私は昨日のエントリで、民主党の小沢一郎前幹事長による党費の使い方について書きました。で、今朝の通勤電車で、文藝春秋七月号を読んでいたところ、ジャーナリストの松田賢弥氏が、同じ問題を取り上げつつ、さらに深く突っ込んでいろいろ追及していたので、それを紹介しようと思います。詳しくは原文を読んでいただきたいのですが、ちょっと関心をひかれた「さわり」を記しておきます。
《「組織対策費」とは、政治資金規正法上の「組織活動費」の中の項目の一つだ。支出を受けた議員側の手書きの領収書さえあればそれ以上の使途の説明は不要とされる。議員個人の所得ではなく政治資金のため、議員側には税務申告をする必要もない。
つまり、政党のカネを政治家個人にいったん流すことで、使途を明らかにせずに済むカネが、いくらでも合法的に作り出せるのだ》
《「組織対策費」による公党のカネの機密費化は小沢が代表になる前の民主党にはまったくなかった手法である。
愛知県出身の参院議員で07年8月から山岡の後任として党財務委員長を務めている佐藤泰介には、08年3月から11月までのわずか8カ月の間に計5回、総額5億3000万円もの「組織対策費」が支出されていた。ちなみに佐藤は元々愛知県の教員で、愛知県教員組合の執行委員長を務めた。山梨県教職員組合の元執行委員長で小沢側近の輿石東参院議員会長とは関係が深く、そのラインで財務委員長に抜擢されたようだ。》
※この表の下3人がみな、日教組の組織内議員であるところが笑えますね。
《07年1年間分だけで山岡への支出は16億円余にのぼる。これは同じ年の政府の官房機密費、約14億円6000万円をも優に上回っている。いったいこのカネはどこに消えたのか。》
《小沢は新進党から自由党に至るまで、計5人に総額76億5767万円の組織対策費を支出。さらに民主党になってからの22億8810万円を加えると総額は99億4577万円。これだけのカネが使途不明になっているのだ。》
《民主党幹事長室に、こうした「組織対策費」について尋ねたところ、「答えられない」と回答した。》
…この組織対策費の闇については、私も過去のエントリで何度か書いてきましたね。不思議なことに、31億円も支出を受けたことになっている藤井裕久元財務相は昨年3月、朝日新聞の取材にこう答えています。

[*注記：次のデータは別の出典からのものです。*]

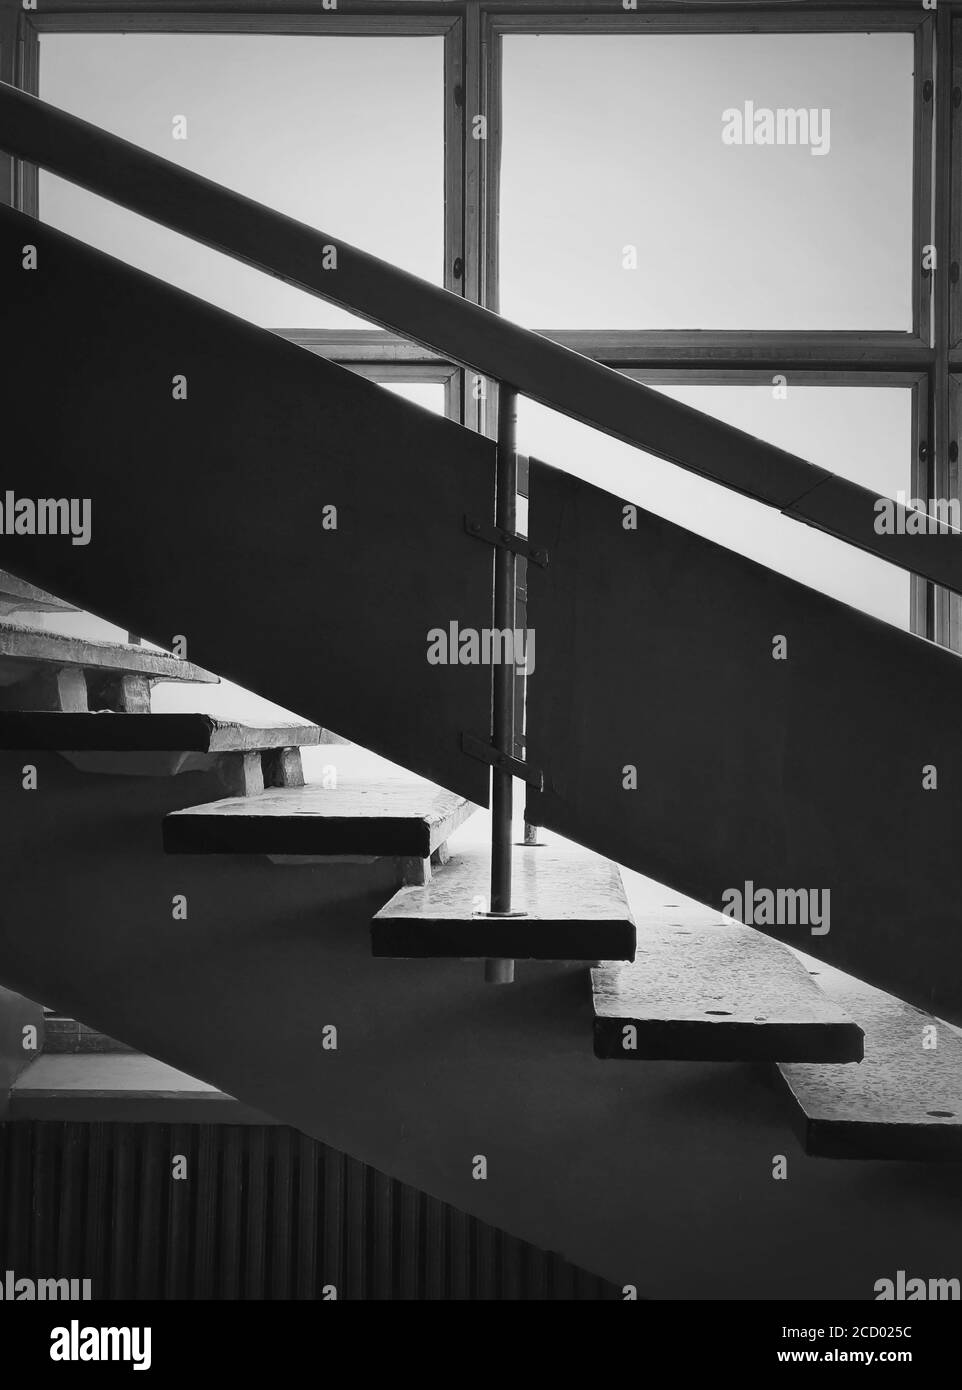 Black and white interior architecture details, old staircase by the window. Wooden railing and stone stair steps inside a shabby building. Aged constr Stock Photo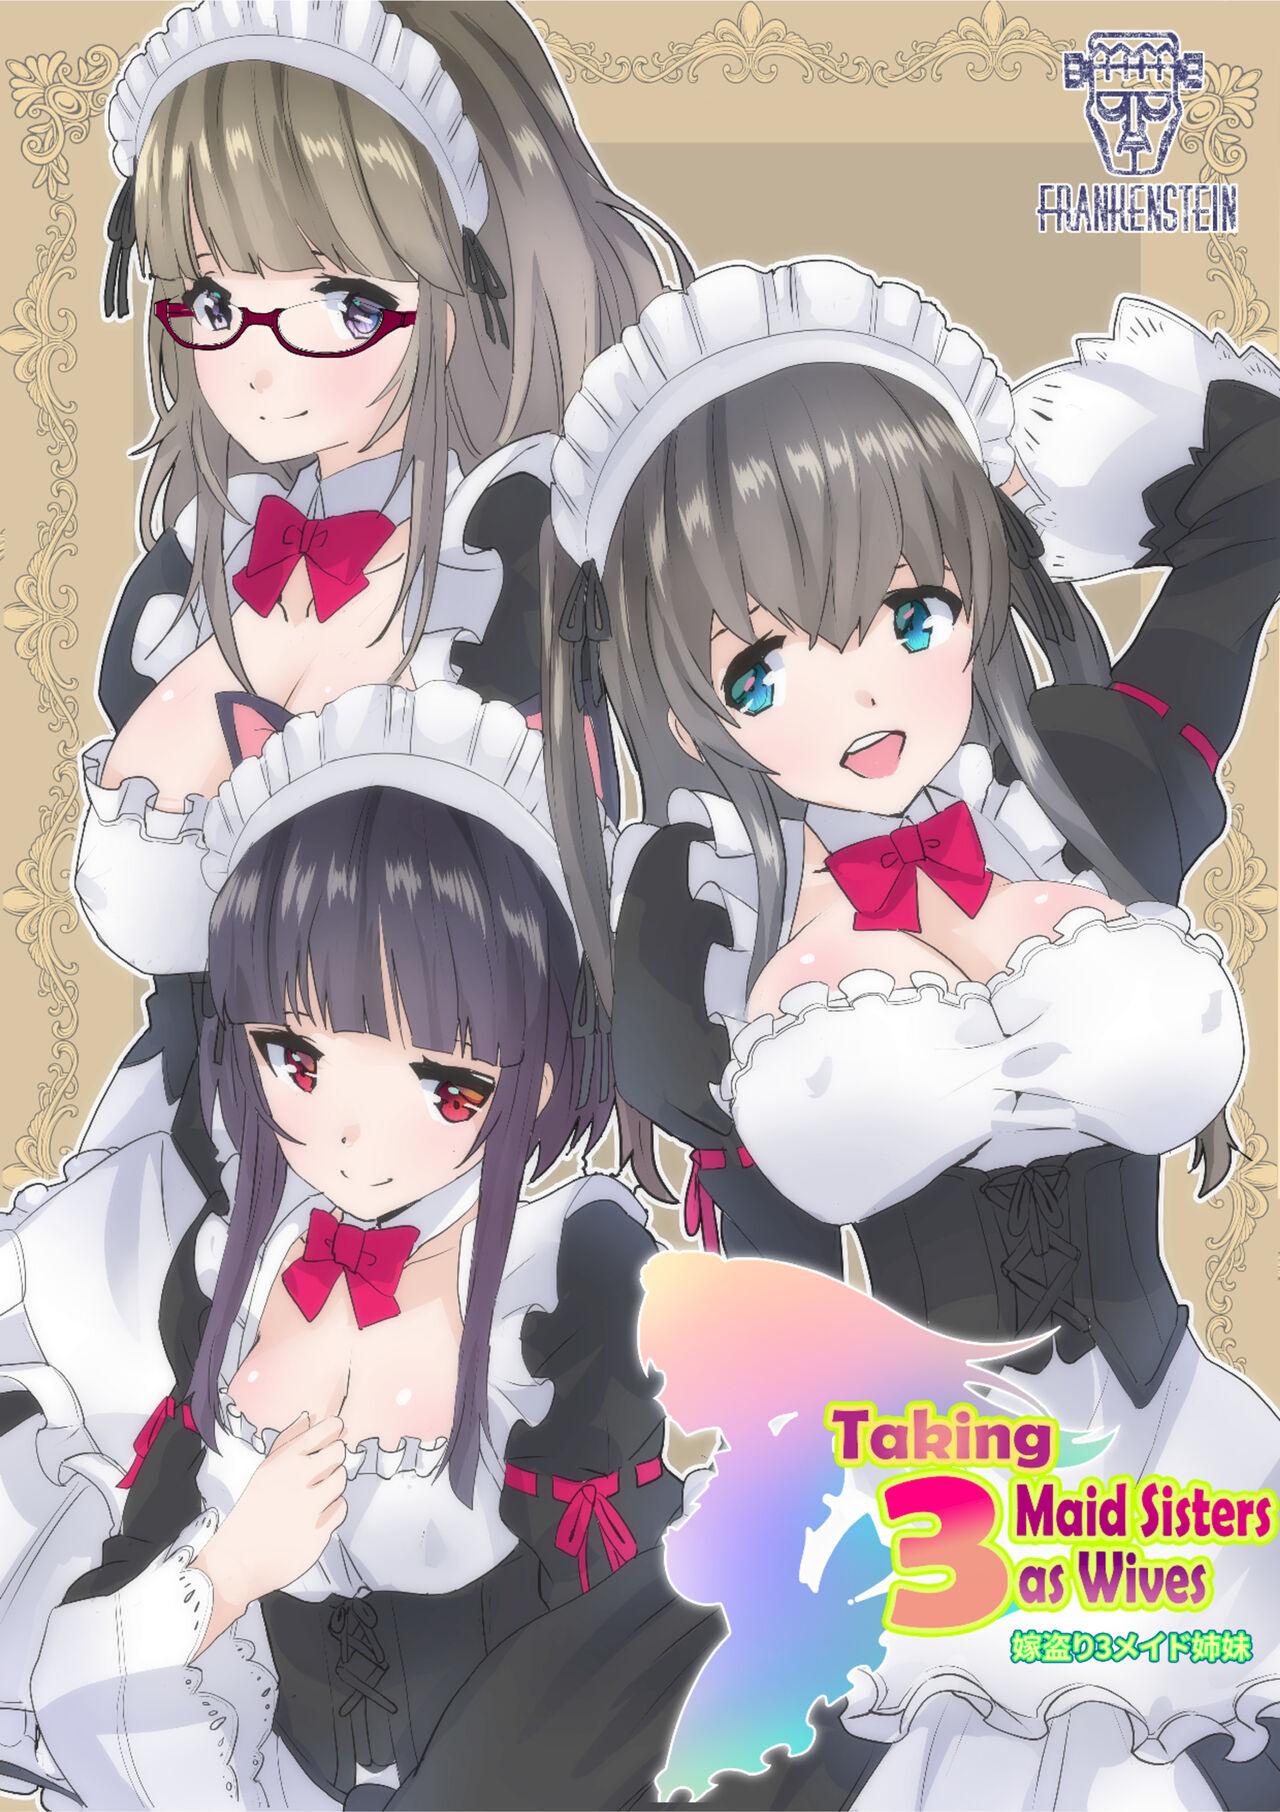 Taking 3 Maid Sisters As Wives 0

「僕はもらっていない。幹事長である以上は名前も出したが、よく知らない」
この問題は今年1月ごろ、新聞各紙が取り上げていましたから、ご記憶の方もいるでしょうが、いい機会なのでここで再掲しておきます。1月8日付の毎日新聞によると、4億円余を受け取ったはずの新進党幹事長だった米沢隆氏は
「そういう金額の大きいものを出し入れしたのは記憶にない。(領収書への)サインもしていない」
と答えています。また、同じく新進党幹事長として29億円以上の支出を受けたことになっている西岡武夫氏は
「まったく知らない。本人が受け取っていない金が(収支報告書に)載っているというのは変な話。(使途の)想像はできない。それだけ(資金が)あったらグループを作ってますよ」
とコメントしています。さらに、自由党幹事長だった野田毅氏も10億円余が支出されていますが
と述べています。いやはや、消えた金はどのようにロンダリングされ、どこに飲み込まれていったのでしょうね。恐ろしい話です。私は、今度の鳩山前首相による小沢前幹事長との「道連れ辞任」で、小沢氏や小沢の威を借る人たちはかなり苦しい立場に追い込まれているはずだと考えているのですが、参院選後は9月の党代表選に向けて、小沢氏が黙っているはずがないと見ている人たちも多いようです。
でも、私は小沢氏は日本社会にとっても政治の世界にとっても有害無益であり、二度と表舞台に登場してほしくないと思っています。この人がどういう人であるかは、普通に目を開けていればいくらでも見えることだろうに、なんでこんな人にこれだけ強く支持する人が多いのかと不思議でなりません。